Стан Избранных (Лагерь святош) | страница 4




Ночь, крадучись, опускалась на землю, протягивая руки тьмы к последнему красному лучу, освежающему подходящий к берегу флот. Кораблей было больше сотни, — ржавые, абсолютно неприспособленные к выходу в море, и в то же время каждый из них служил зримым доказательством чуда, которое привело их сюда, невредимыми, с другого края земли. Всех, кроме одного, потерпевшего крушение у берегов Цейлона. Выстроившись почти безупречным фронтом, корабли, один за другим, утыкались в песок и застревали среди камней, покачнувшись в последний раз, словно тоскливо кланяясь долгожданной тверди.

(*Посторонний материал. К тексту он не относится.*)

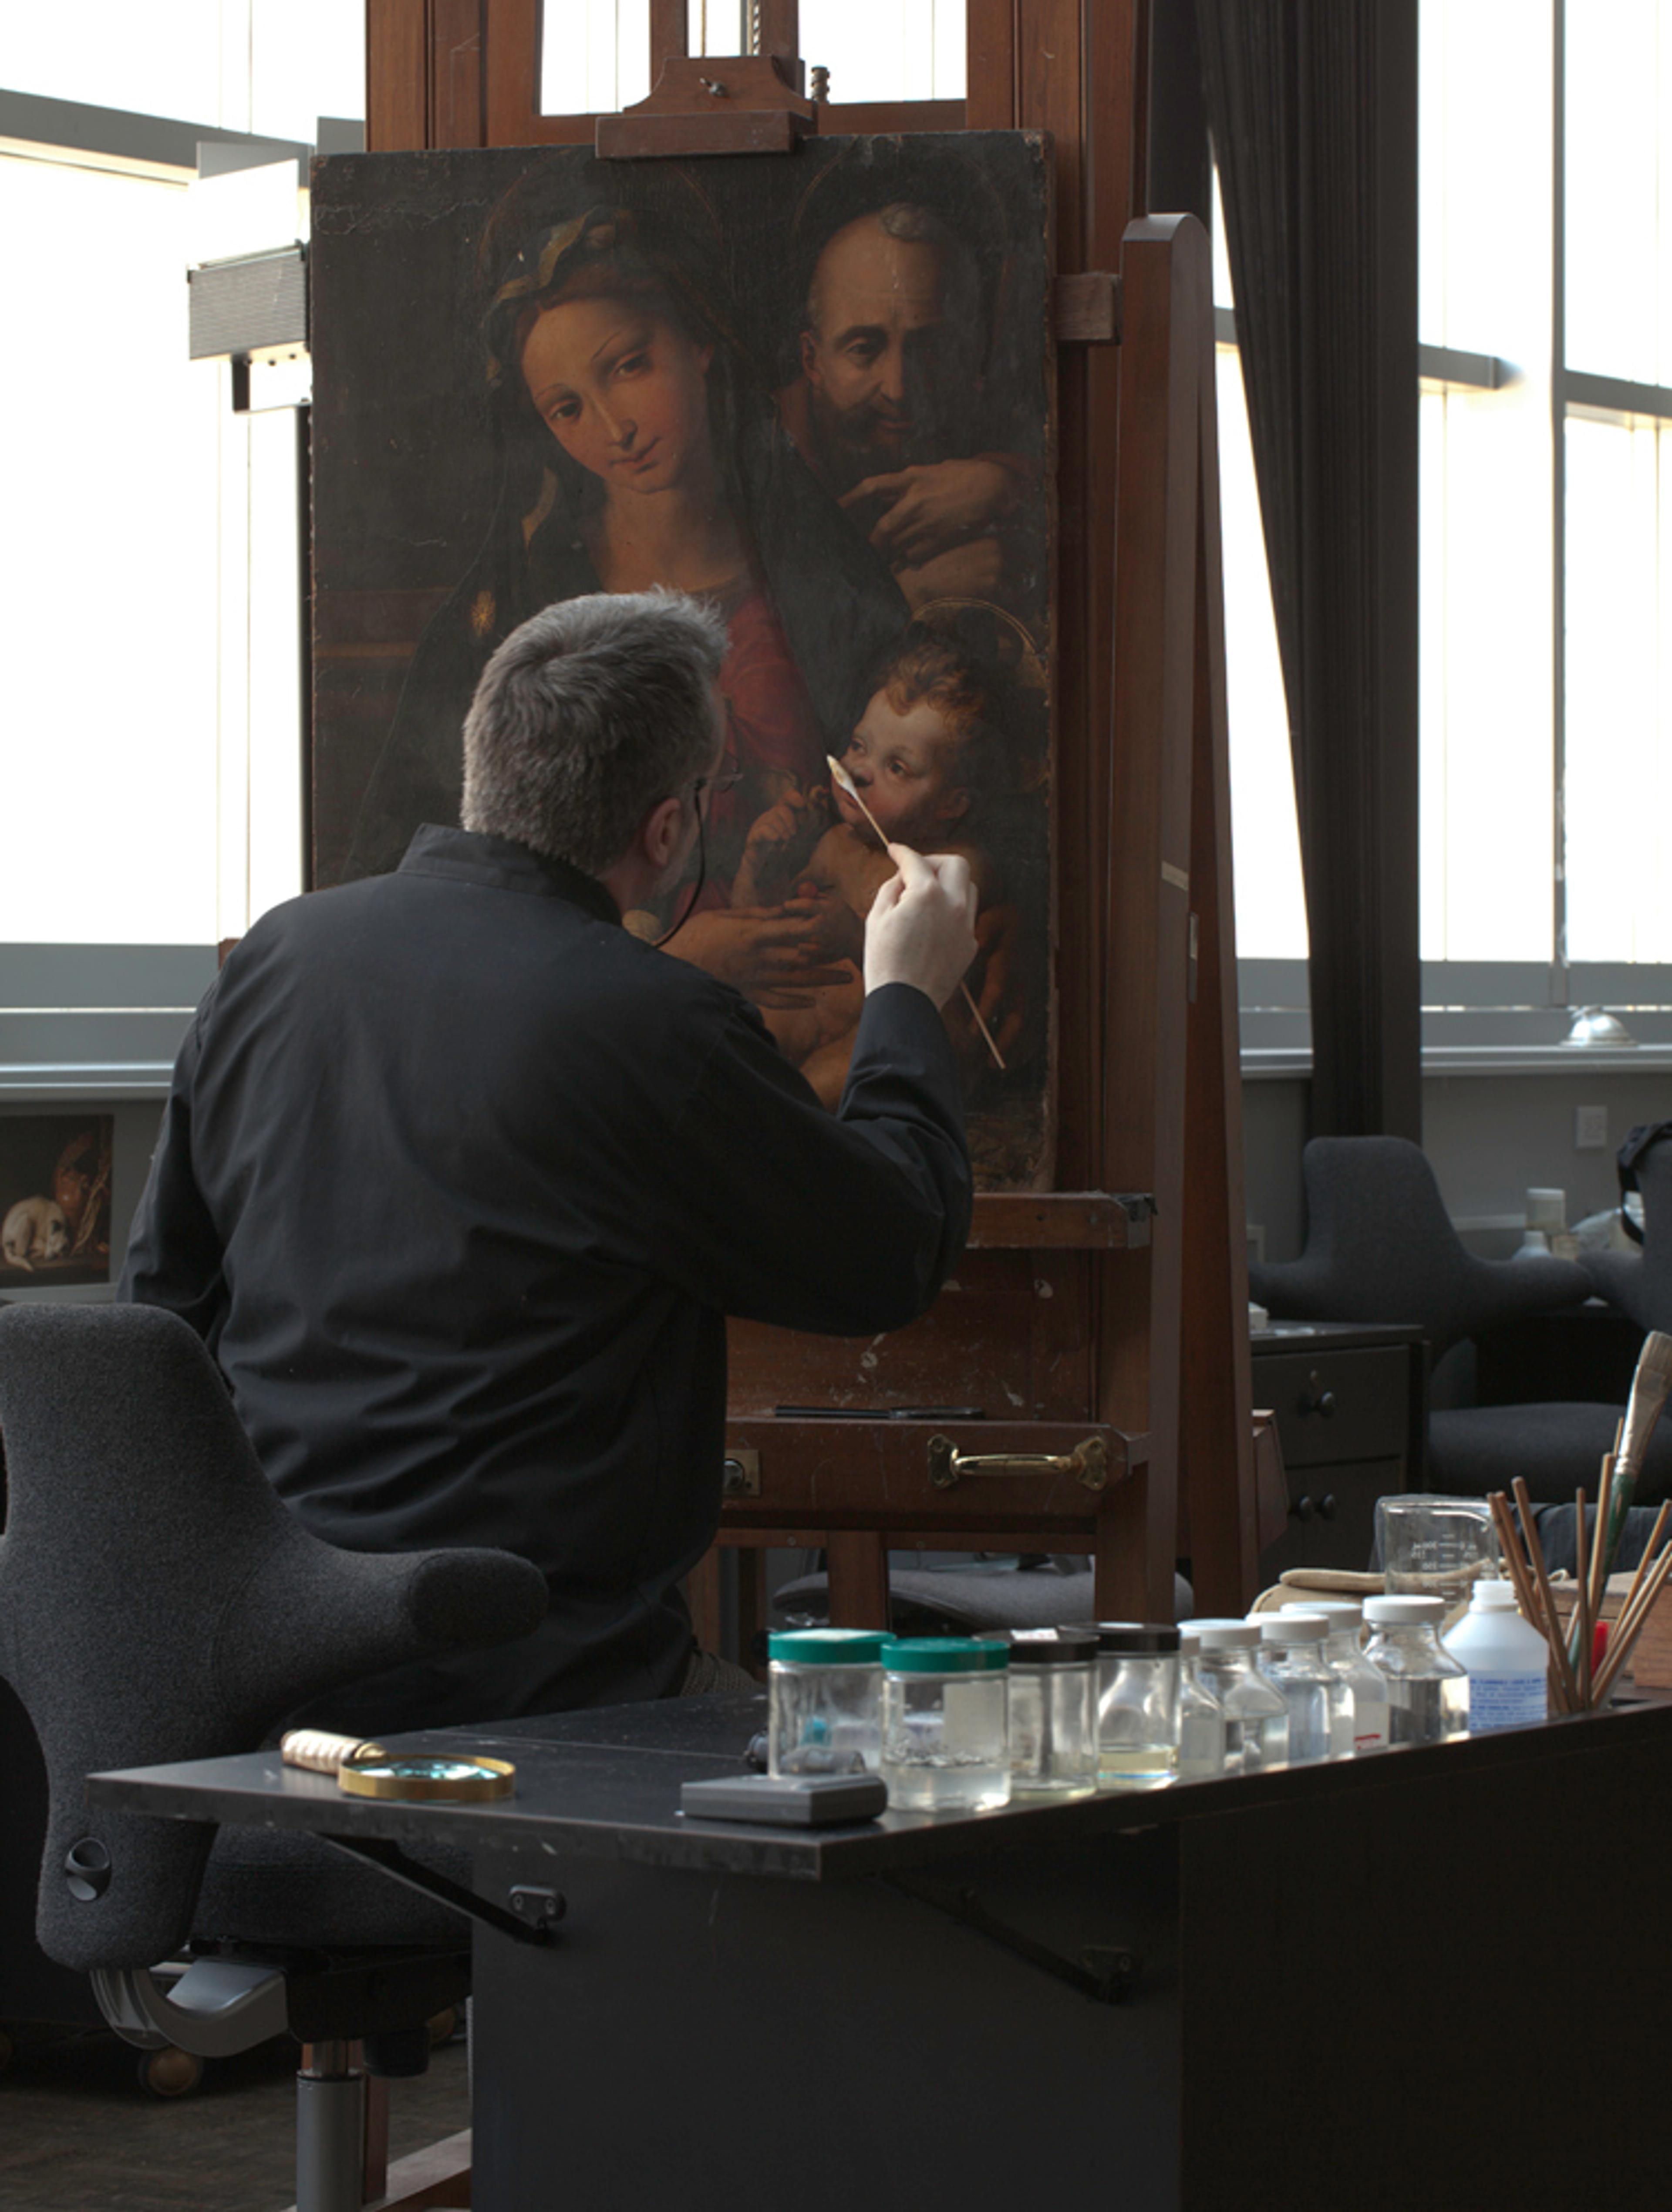 A man works with his back turned to conserve an oil painting.

Робкий свет умирающего дня скользил по тысячам трупов вокруг, мертвецам, одетым в белое, усеявшим отмели, и двигался дальше, в открытое море, словно за тем, чтобы найти там всех остальных, кто не доплыл. Сотня судов! Профессор почувствовал, как дрожь пронизала всё его существо, — дрожь, которую мы испытываем, стараясь постичь разумом величие и бесконечность Вселенной и остро ощущая свою немощь, что обращает нас к благоговению и смирению. В канун первого пасхального дня восемьсот тысяч живых и несметные тысячи мёртвых переступили порог Запада для того, чтобы завоевать его без единого выстрела. Завтра ему конец.


Медленно нарастая, поднимаясь с побережья в сторону холмов, на которых примостился посёлок и дом с террасой, грозное, несмотря на кажущуюся мягкость, до ушей профессора доносилось пение восьмисот тысяч — или их было больше? — голосов. Слов, конечно же, не удавалось разобрать — какая-то бесконечная баллада с подчёркнуто монотонным ритмом. Наверное, вот так же пели псалмы крестоносцы, окружавшие Иерусалим, накануне последнего штурма. Если вспомнить предание, то стены Иерихона рухнули, когда знаменитые трубы пропели свою могучую песню в седьмой раз. Наверное, даже когда всё стихло и улеглось, многие всё равно кожей ощущали мощь божественного недовольства.


Профессор слышал и другие звуки. Рокот моторов сотен грузовиков, — ещё утром армия начала занимать позиции недалеко от средиземноморских берегов. Но в темноте ничего не получалось разглядеть — профессор на террасе оставался наедине лишь с небом и звёздами.


Вернувшись в дом, профессор почувствовал прохладу, но дверь закрывать не стал, — пусть всё остаётся, как всегда. Разве может какая-то дверь защитить мир, который зажился на этом свете? Пусть даже такая дверь — настоящий шедевр человеческого мастерства и терпения, чей возраст перевалил за три столетия, дверь, выструганная однажды из цельного западного дуба?